Der Spiegel's English-language coverage of the Iraq war logs is relatively thin, compared to the Times and The Guardian's packages, at least as of Friday evening. But it does feature a very thorough interactive map of casualties and "events," called "An Atlas of Horror." If that proves too hard to absorb, the map can also be collapsed into "One Day in Iraq," a day in November 2006 with several civilian deaths by IED attack as well as a surprising number of "criminal events (murders)" in which unidentified civilian corpses were discovered by coalition troops. Der Spiegel also, like Al Jazeera, embellishes on the story of the "Crazyhorse" apache helicopters, who were involved in several "dubious" attacks. And one feature in the package takes a step back and dicsusses the ethics of publishing the secret reports, analyzing the shifts in reactions of the U.S. government to this latest leak, as opposed to the previous leak of 75,000 reports from Afghanistan. - Lauren Kirchner

The Bureau of Investigative Journalism

The Bureau of Investigative Journalism, a U.K.-based nonprofit, had three months to analyze the Iraq war logs. The result is approximately twenty stories, all of which are published and freely distributable under a Creative Commons license. ("Steal our stories," the homepage blares.)
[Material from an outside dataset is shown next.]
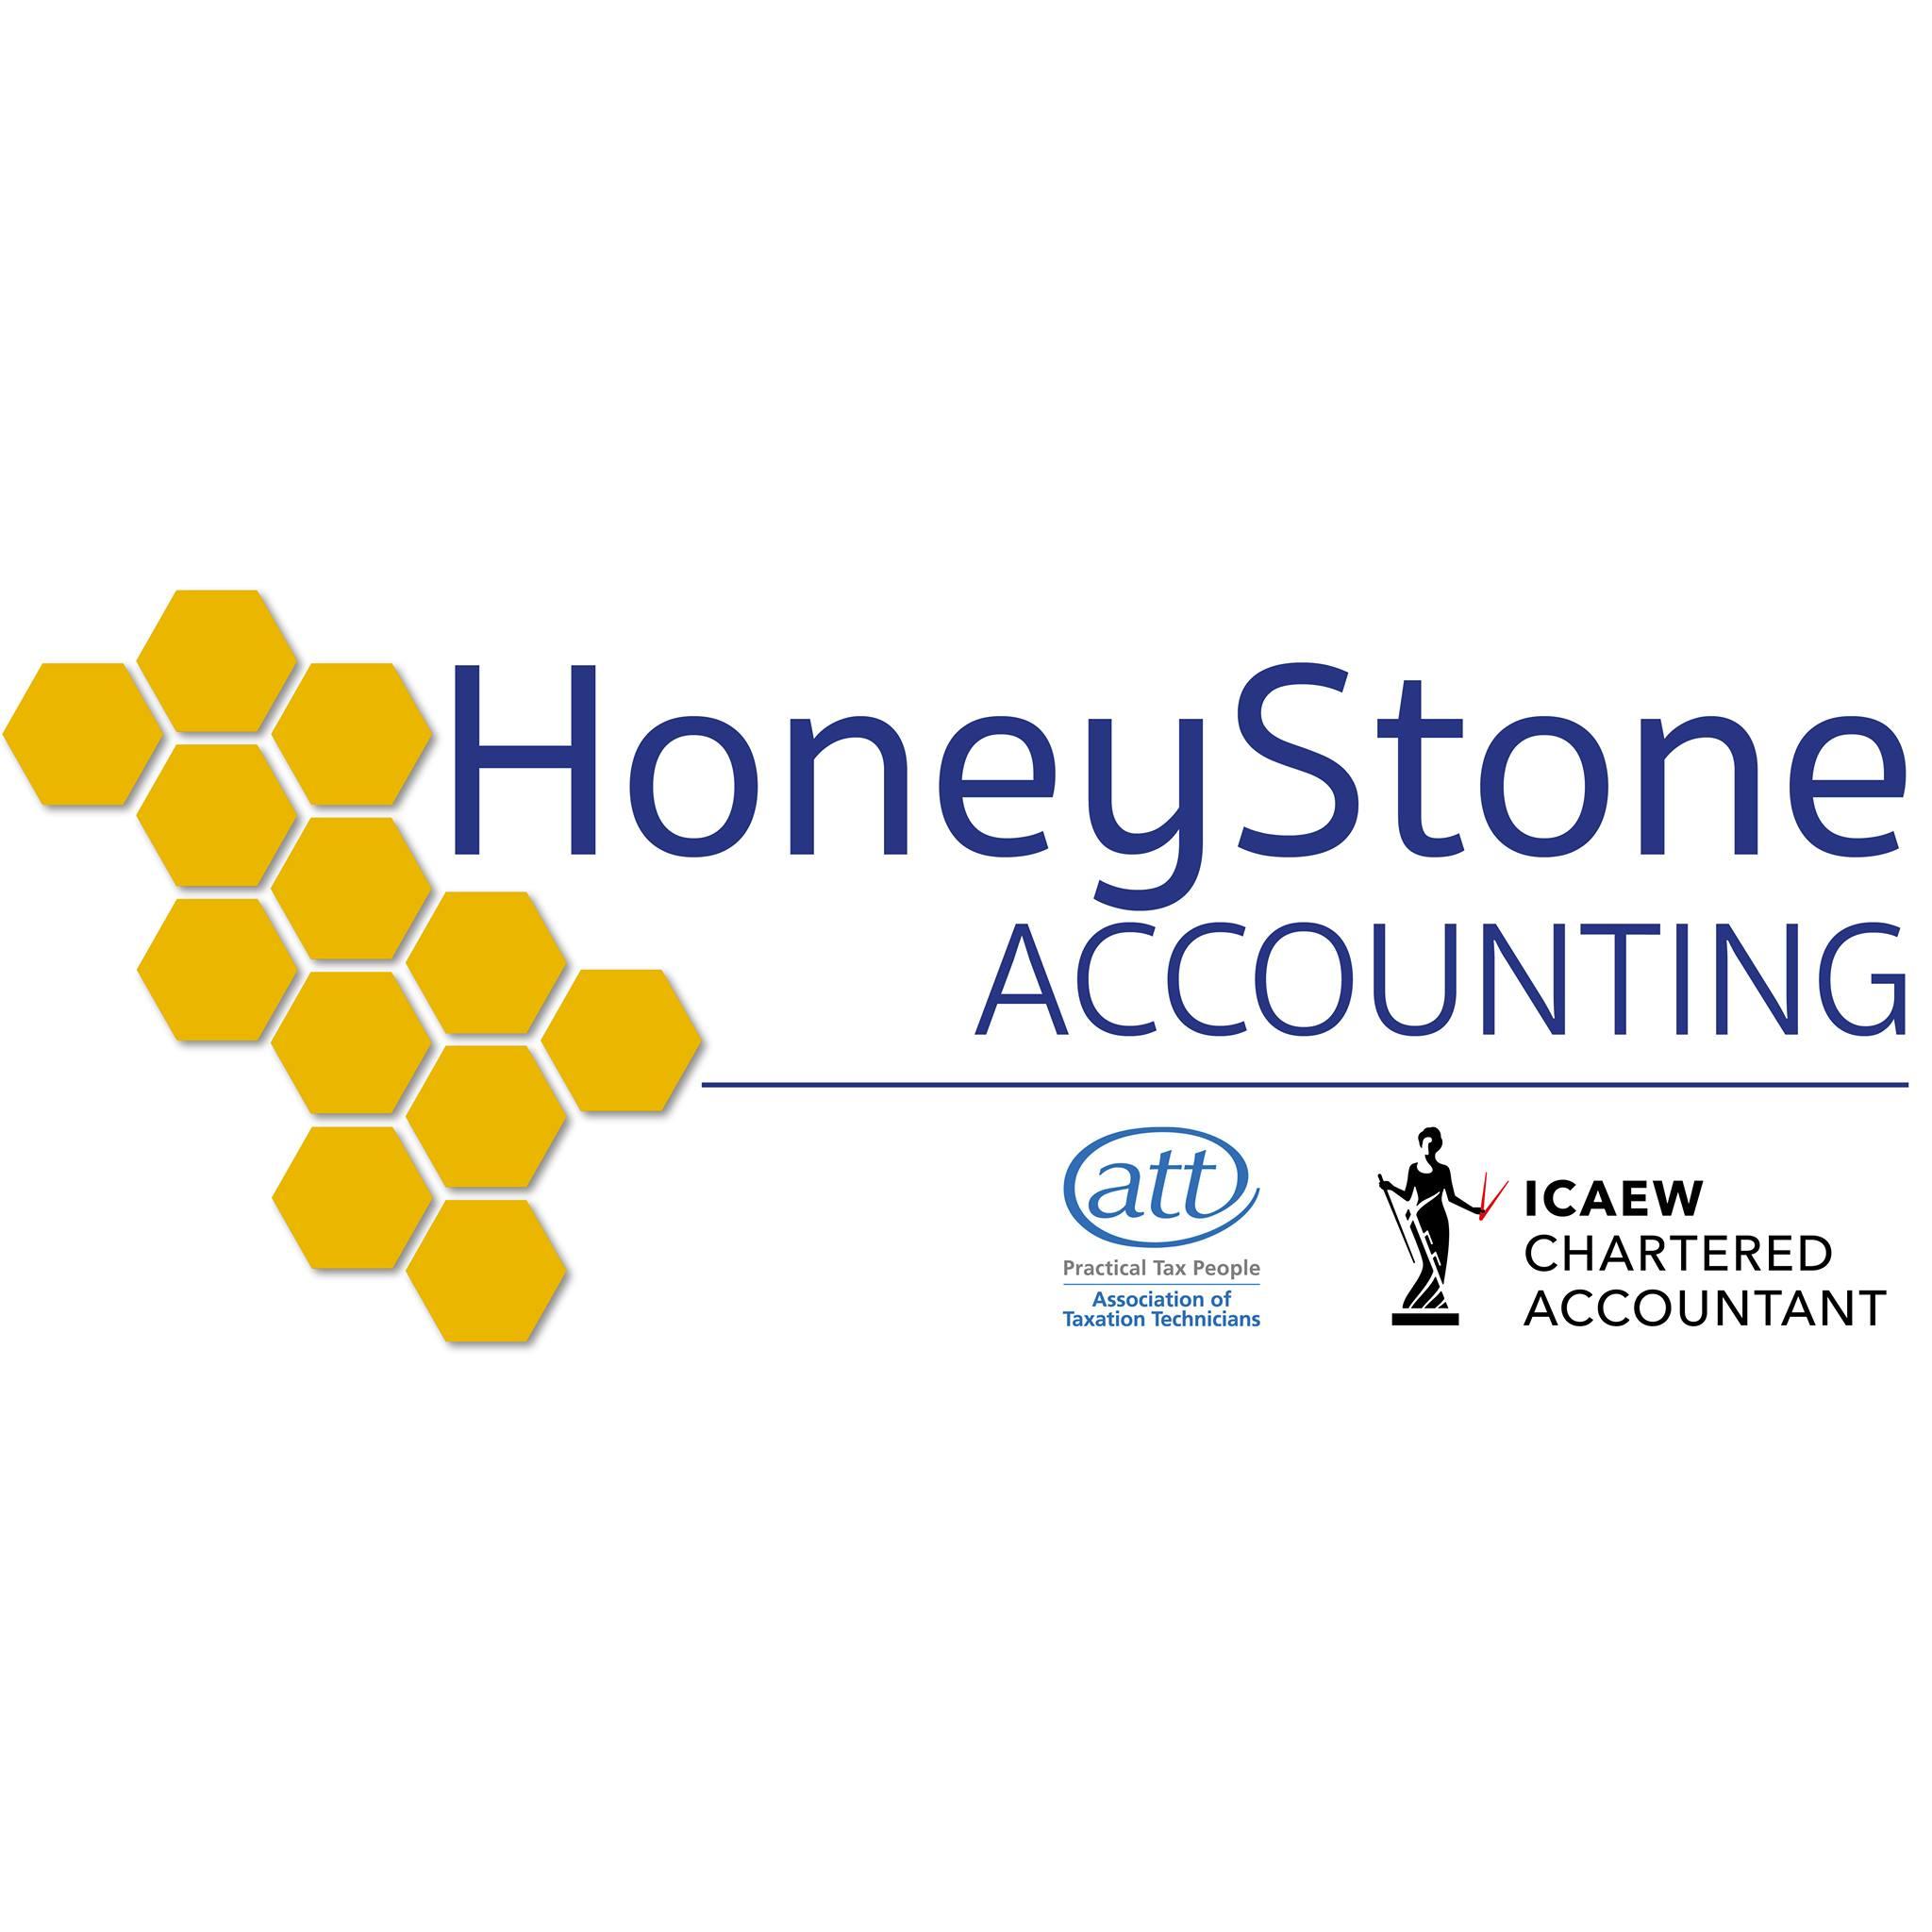 Honeystone Accounting
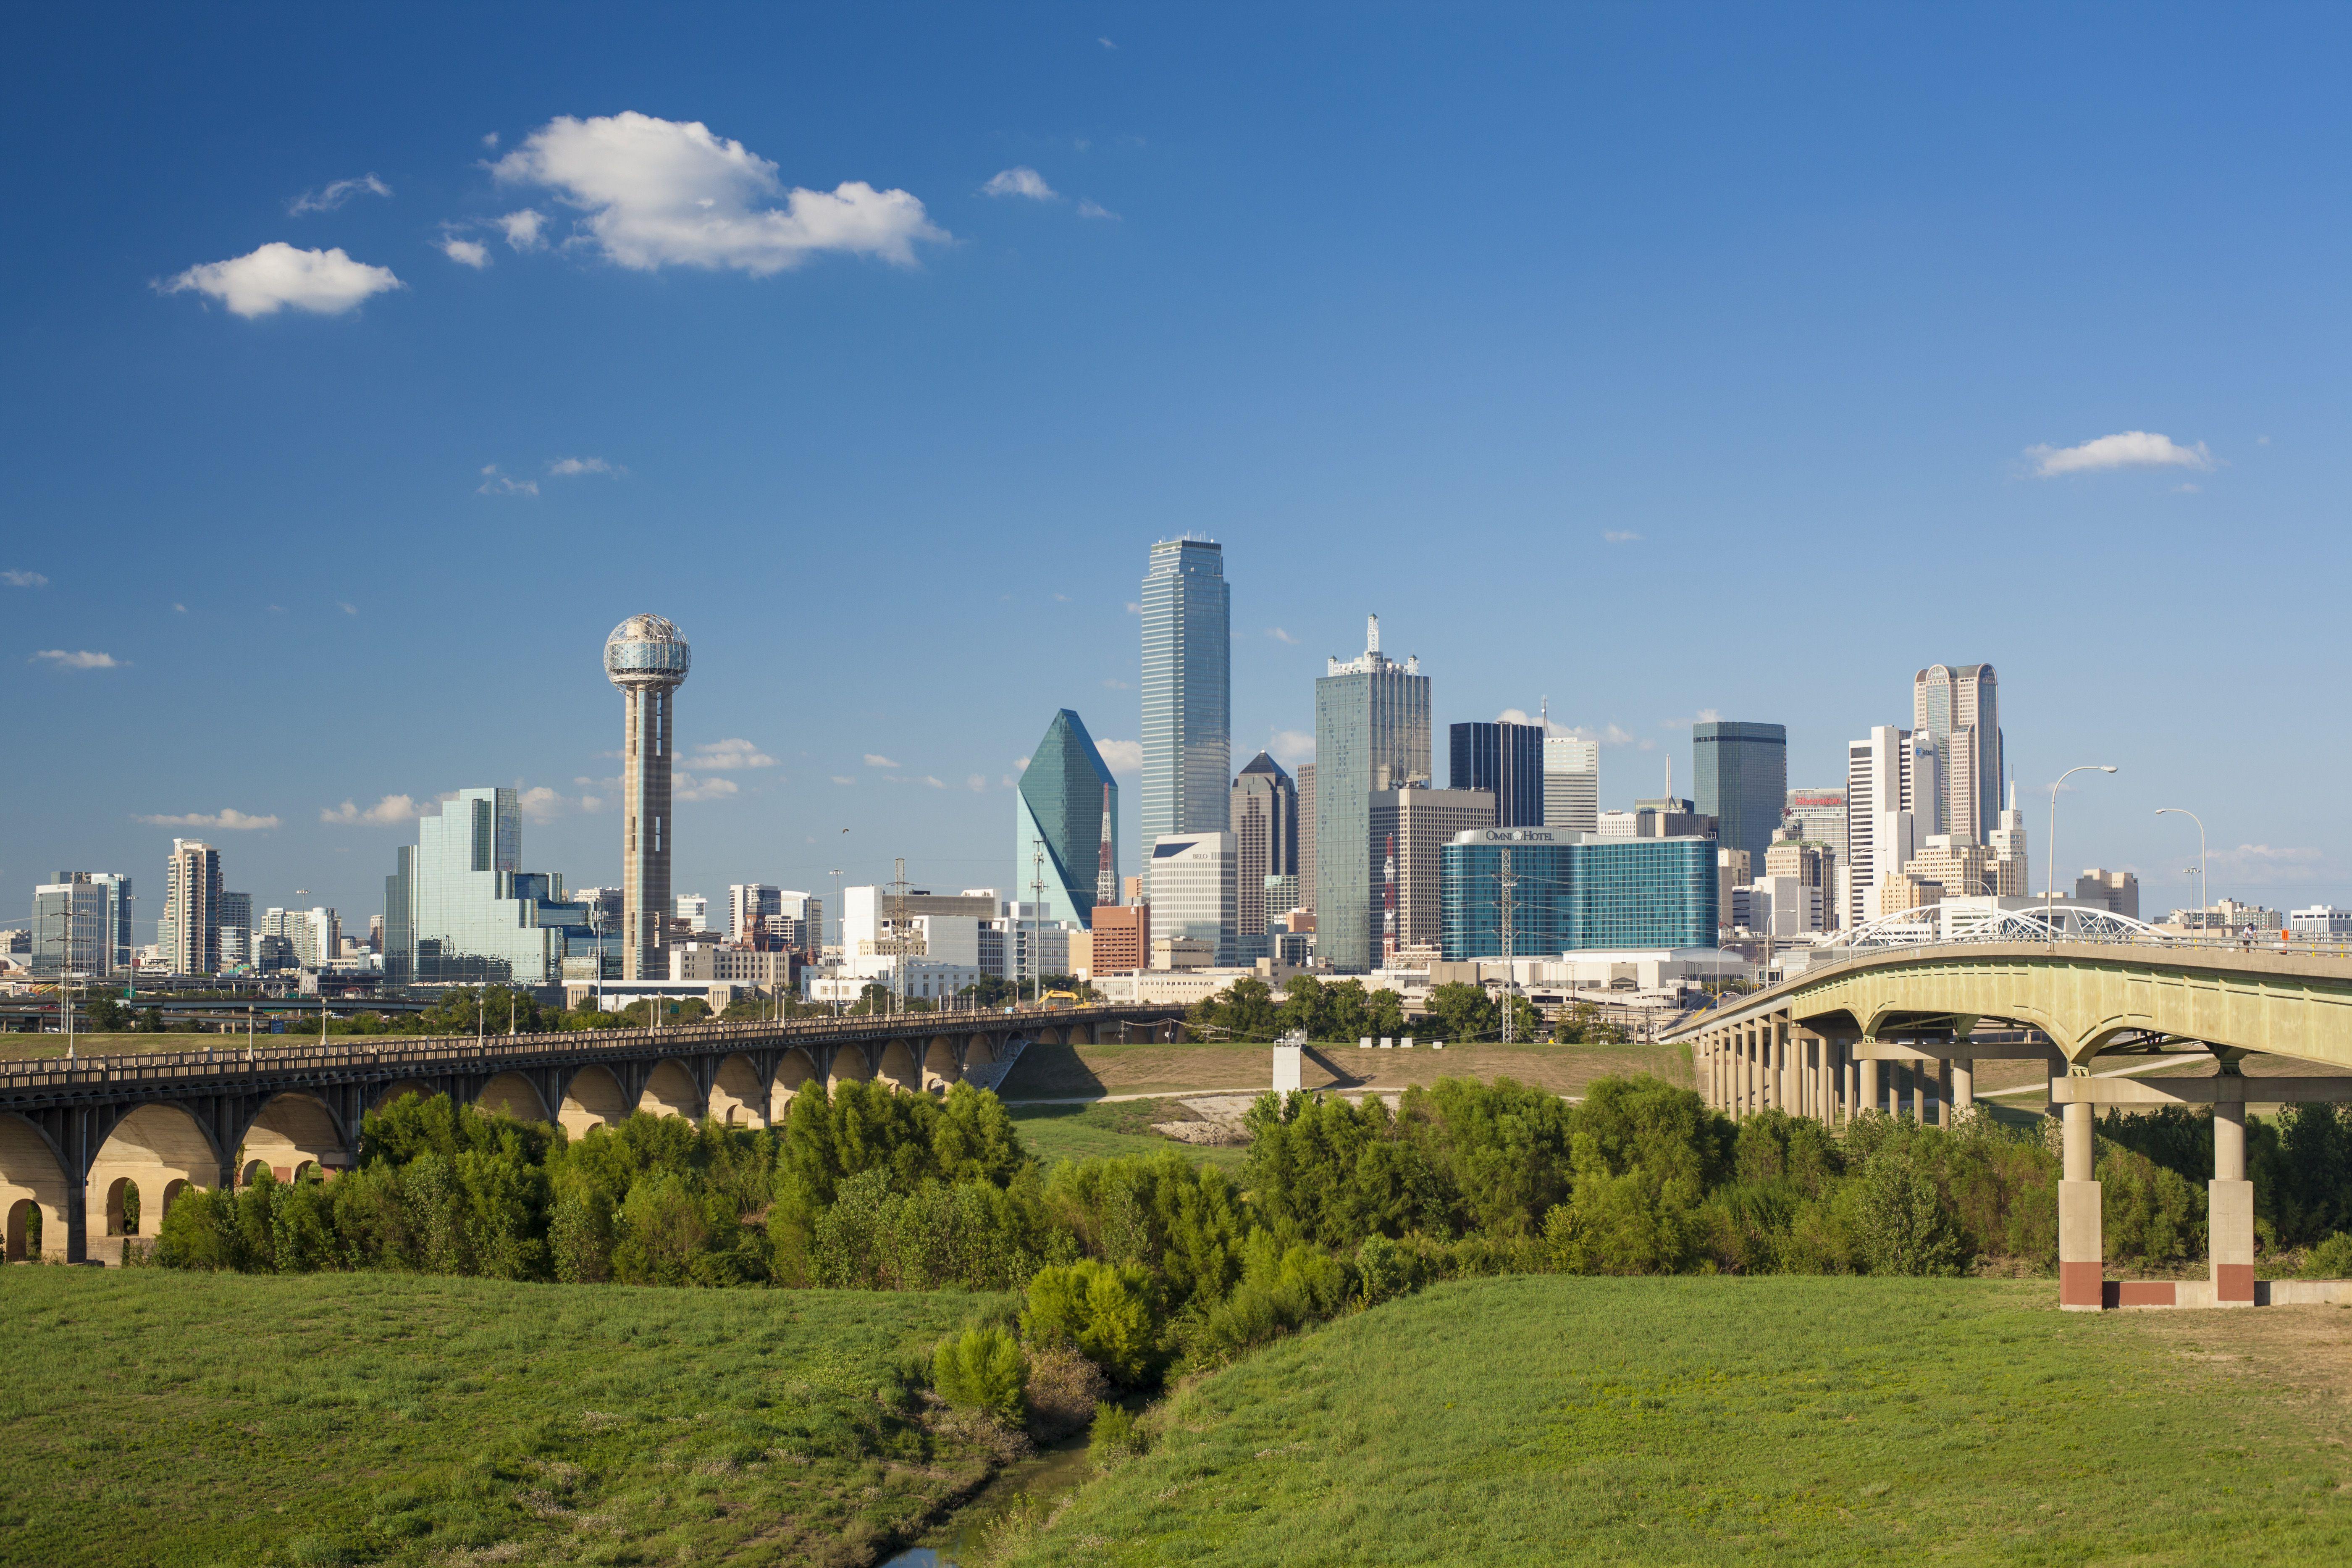 USA, Texas, Dallas, City skyline on sunny day

The site seems primarily concerned with documenting ostensible war crimes -- or at least bad behavior -- on the part of coalition soldiers. The lead story, titled "Biggest document leak in history exposes real war," calls the documents "the uncensored detail Washington did not want us to know." Other stories on the site emphasize civilian deaths and torture at coalition hands: an Apache helicopter crew that killed insurgents who were trying to surrender; Iraqi-instigated prisoner abuse that went uninvestigated by the U.S. military; and so on. A story dubbing December 2006 the war's bloodiest month notes that 3,784 people died during that time period, a body count that far exceeds that which was officially reported. There's also a Flash timeline of important events in the Iraq war, a glossary of relevant military terminology, and at least one article that is translated into Arabic. Justin Peters

Channel 4 (U.K.)

The U.K. television station Channel 4 will air a program about the documents on Monday. In advance of that, its website has published several articles and video clips reporting on and analyzing the data. The lead story features a graphic seven-minute video that claims the documents "expose the lie that the U.S. kept no body counts" in Iraq. Particularly affecting is an interview with the uncle of a boy who was killed by a Hellfire missile: "The children came towards us screaming 'Alawi has been blown to pieces.' We collected the remains bit by bit. His head was more than 100 metres away."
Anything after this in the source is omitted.